Si "Le Monde" était fidèle au rôle de "quatrième pouvoir" de la presse, il ferait le bilan attristé d'une décennie pour rien, où le meilleur des forces créatrices de l'Union Européenne n'a pu qu'avancer péniblement - ou bien s'est transplanté dans des environnements plus favorables. Le journal engagerait par la même occasion un débat de fond sur un nouvel ordre monétaire international. Le dollar ou la livre sont gérés de manière plus pragmatique que l'euro; mais le "quantitative easing" crée des liquidités toujours plus difficiles à employer - au-delà d'épisodes grotesques comme le transfert de Neymar au PSG. D'une manière générale, il est urgent de créer un nouveau standard monétaire international pour éviter d'avoir à subir, sous la présidence de Trump ou d'un de ses successeurs, les conséquences néfastes d'une crise du dollar. Mais il faut aussi, en Europe, libérer les forces entrepreneuriales et favoriser l'émergence de la banque du XXIè siècle, celle de l'ère numérique, des cryptomonnaies et d'un retour partiel aux étalons métalliques (or, argent, platine). Simplement, pour penser ce monde nouveau et le mettre en oeuvre, il faut des têtes fraîches, sans préjugés. Actuellement, l'Europe est enfermée dans le carcan d'une "Sainte Alliance" des monétaristes, Et donc menacée d'être une nouvelle fois impuissante lors de la prochaine grande crise, inévitable, celle qui marquera la fin du système de l'étalon-dollar.

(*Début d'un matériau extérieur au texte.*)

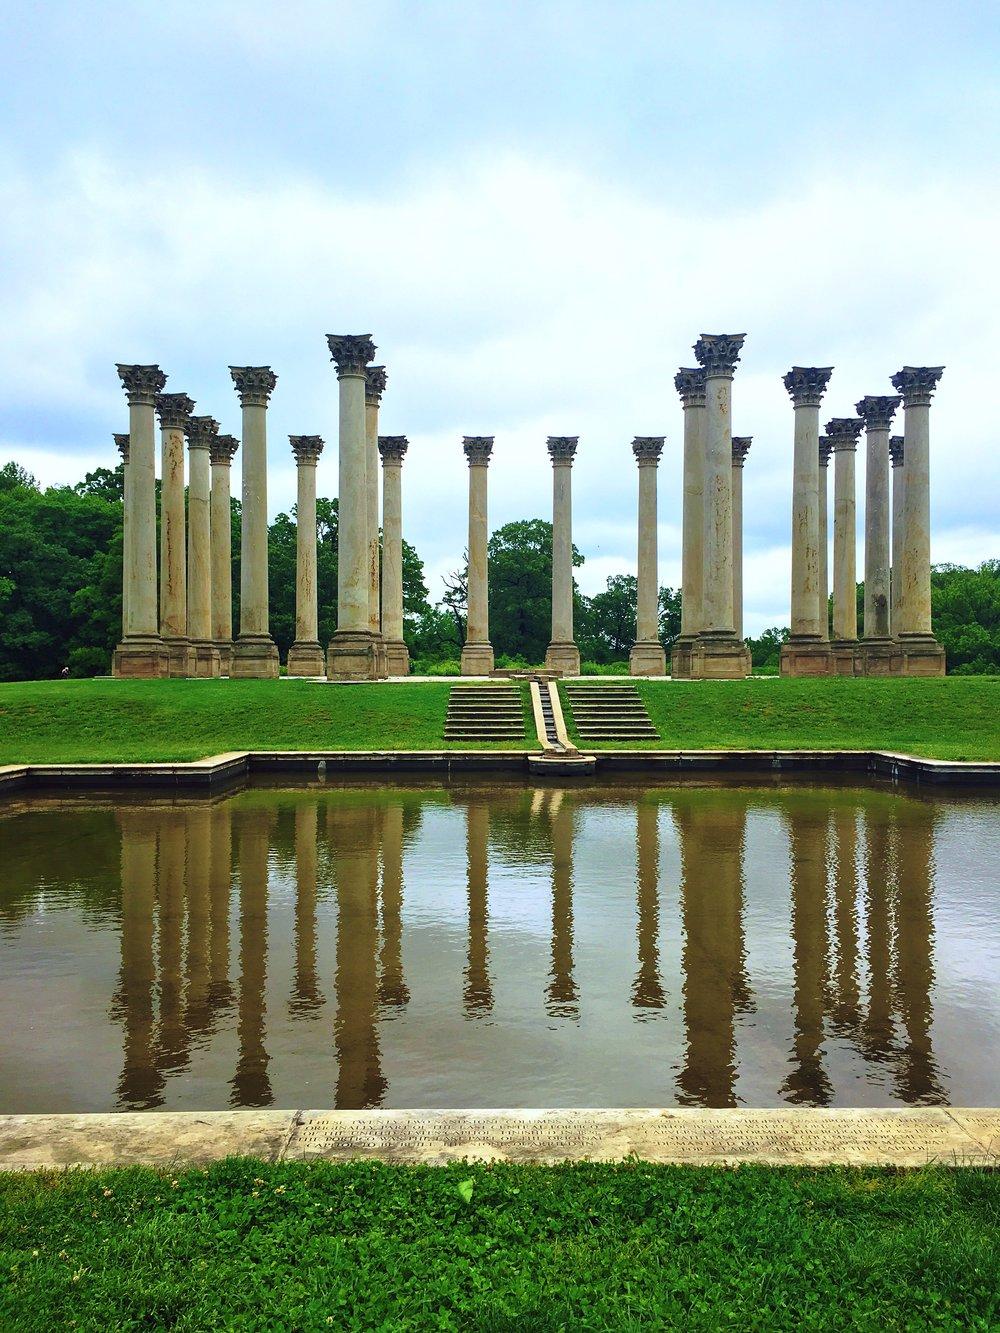 The National Arboretum in Washington DC

Dire du mal de votre quotidien du soir m'a entraîné bien loin. Je vous rassure, je n'aurais pas eu beaucoup plus d'indulgence pour le "Financial Times", la "Frankfurter Allgemeine Zeitung". C'est toute la presse européenne qui s'est endormie dans le dogme - regardez comme le Brexit a mis en transe tous les medias "main stream" en Europe. La grande presse nord-américaine de référence ne vaut guère mieux, tout adonnée qu'elle est à un néo-maccarthysme russophobe. Si vous voulez vous informer librement, lisez la presse asiatique de langue anglaise: indienne, chinoise, japonaise, singapourienne etc....Vous y verrez le monde comme il évolue vraiment. Vous y sentirez aussi l'immense déception de bien des observateurs du continent asiatique devant le manque de créativité - et même le conformisme des milieux dirigeants de l'Union Européenne; leur frustration de ne pas trouver, dans le continent qui a inventé le capitalisme, des partenaires fiables ni durables.

Je vais profiter des semaines de résidence estivale à Hughenden Valley pour faire le plein d'informations depuis l'Asie - grâce à la magie d'internet.